I want all individuals with autism to be accepted not just because of my J but because they deserve to be. These individuals shouldn’t be defined by their autism, it just is who they are, it’s just a piece of them. They are just as friendly, brilliant and extraordinary as you or me.

Personal Growth

A few weeks ago we were hanging out with good friends and their kiddos, enjoying pizza and a few drinks while J enjoyed a movie on his iPad and their two, 6 and 3, ran around the house playing.

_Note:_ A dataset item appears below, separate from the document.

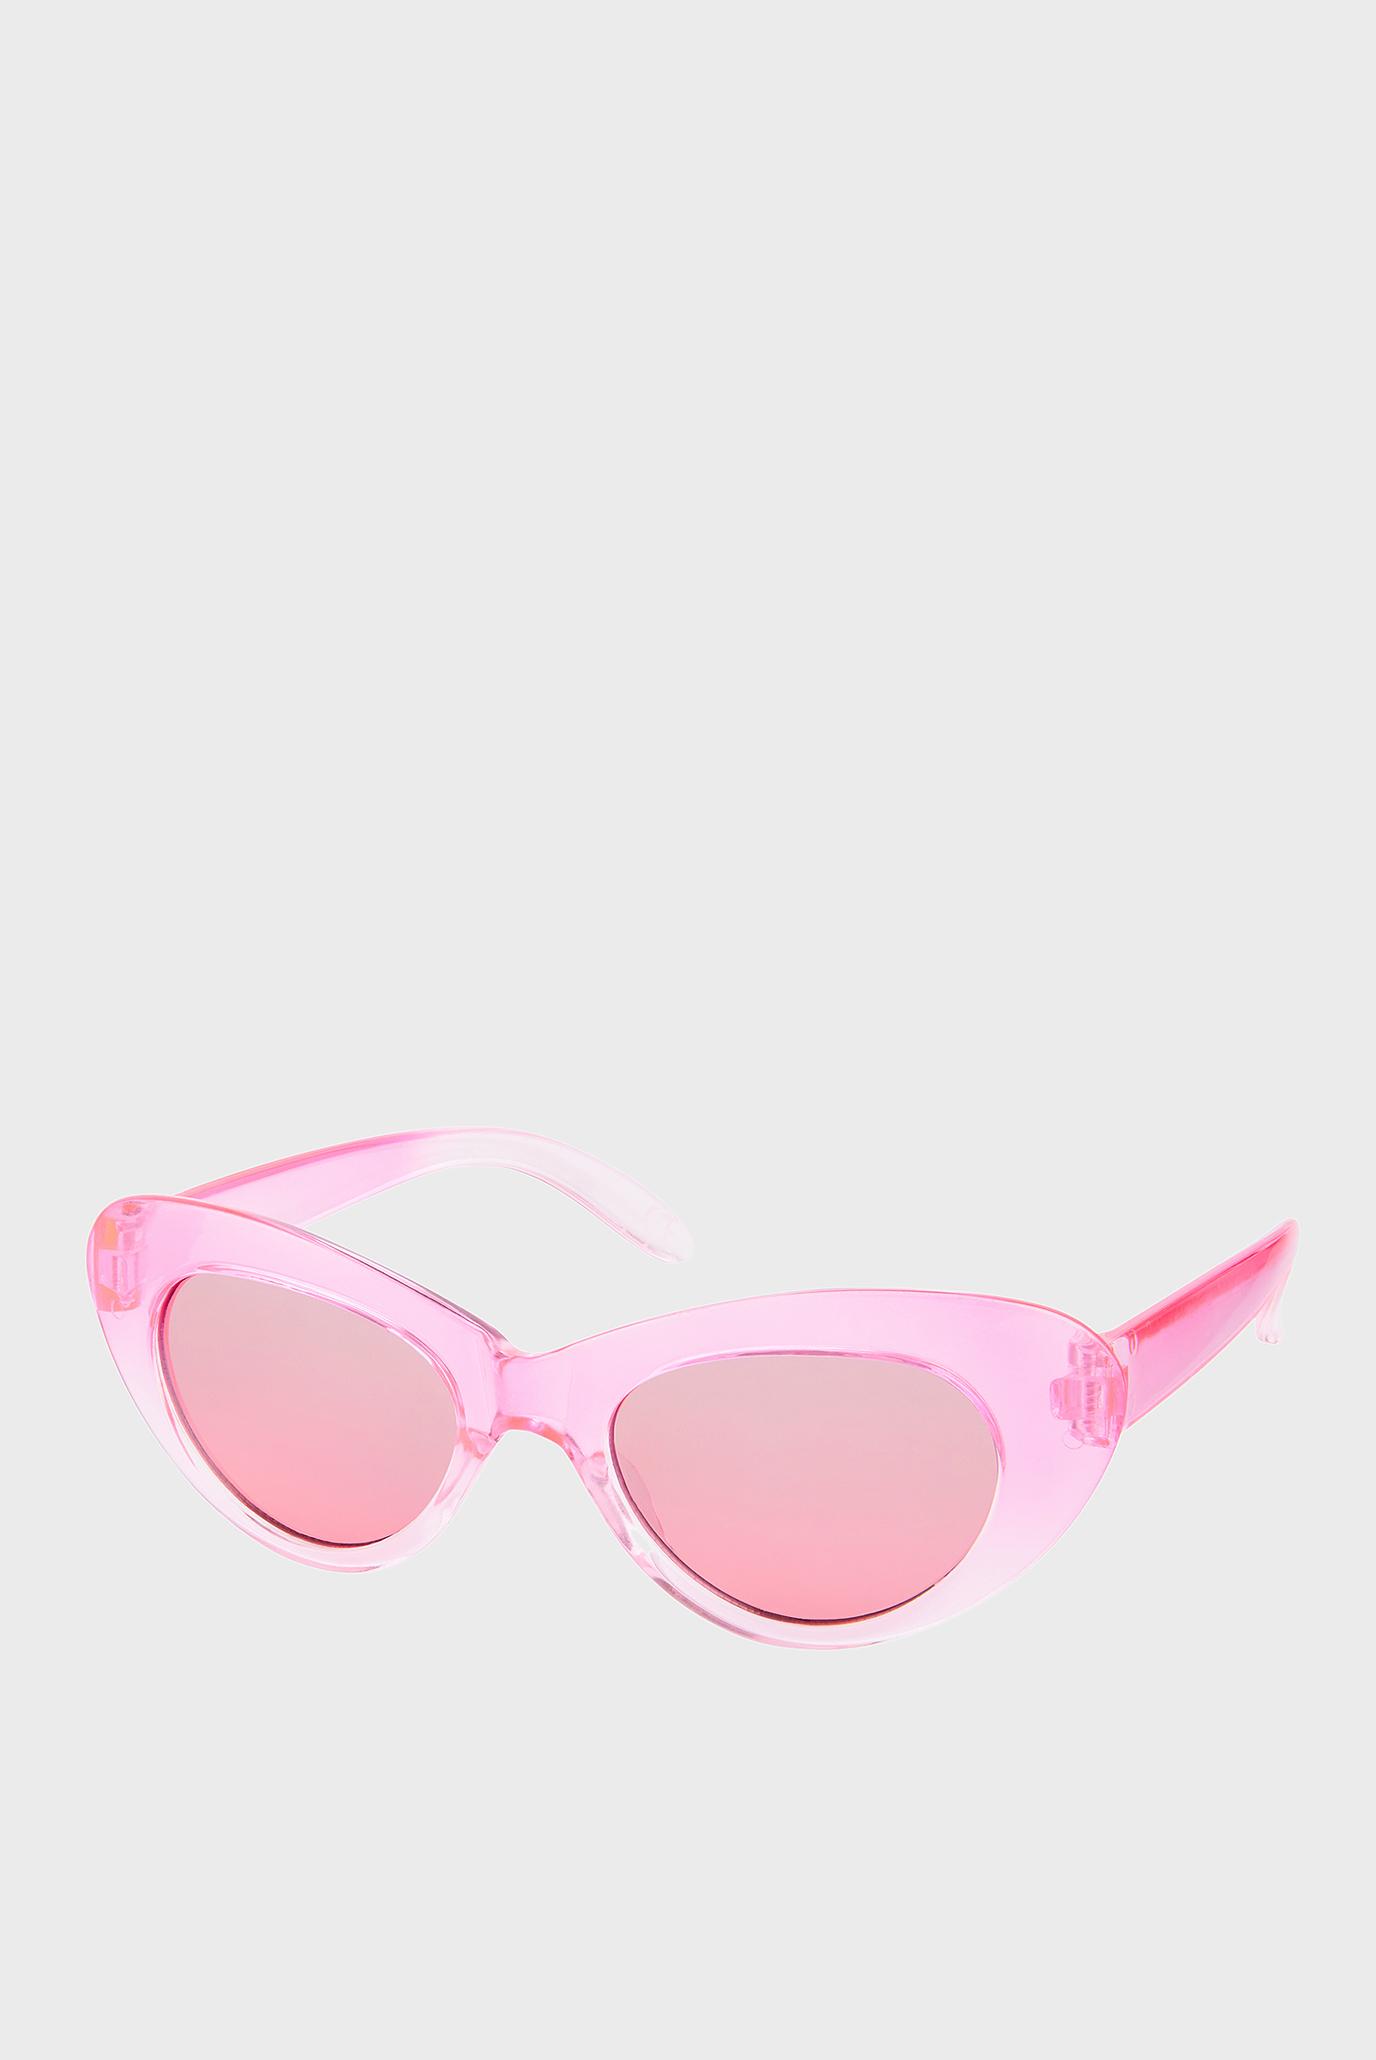 Рожеві сонцезахисні окуляри RETRO CATEYE SUNGLAS 1

I think to times before when I have been in the same situation and instead of enjoying the moment I dwelled on J being different from the other children that were around. And for the first time, this evening, I wasn’t worried or concerned about it at all. I was enjoying life, our family and friends for what is rather than what isn’t. Oh, how I’ve grown.

Right now as I sit with J in our very quite home there’s no yelling, no noises, no echos off the walls or throughout the rooms. It is J’s play time, self directed. His newest thing is to sit on the living room couch by himself either to decompress or be a kid hanging off it outside down because that’s fun too. He’ll also sometimes bounce or lay their and flap as he plays movies in his mind. I’ll say an occasional ‘no bite’ as J still likes sensory input by mouth contact and maybe a ‘help-a’ will come from J when he gets struck from hanging off the couch and can’t get righted. Then off to the stairs he’ll go, his other new enjoyment, though not mine, as he likes to lean over the top stair. No wonder I have anxiety issues.

This is our normal.

Being around our friends’ kiddos was so fun. I appreciated their noises, words, and their play and interaction not only between each other but also with us adults. I loved figuring out what they were saying or trying to tell me. I enjoyed them interacting with me, being crazy kids and running amok.

It was a revelation when I realized I wasn’t thinking about or getting sad about not having a this in our home or J not playing with them. I’ve (hopefully) come to the understanding consciously to appreciate what I do have with J instead of contemplating what I don’t. I appreciate what I have, not the lack thereof. Though it is different, it is not less.

Luckily for me, my husband is a big kid so I do get periodically loud noises when J and him are rough housing and playing, as boys tend to do. The noises mostly come Lance though.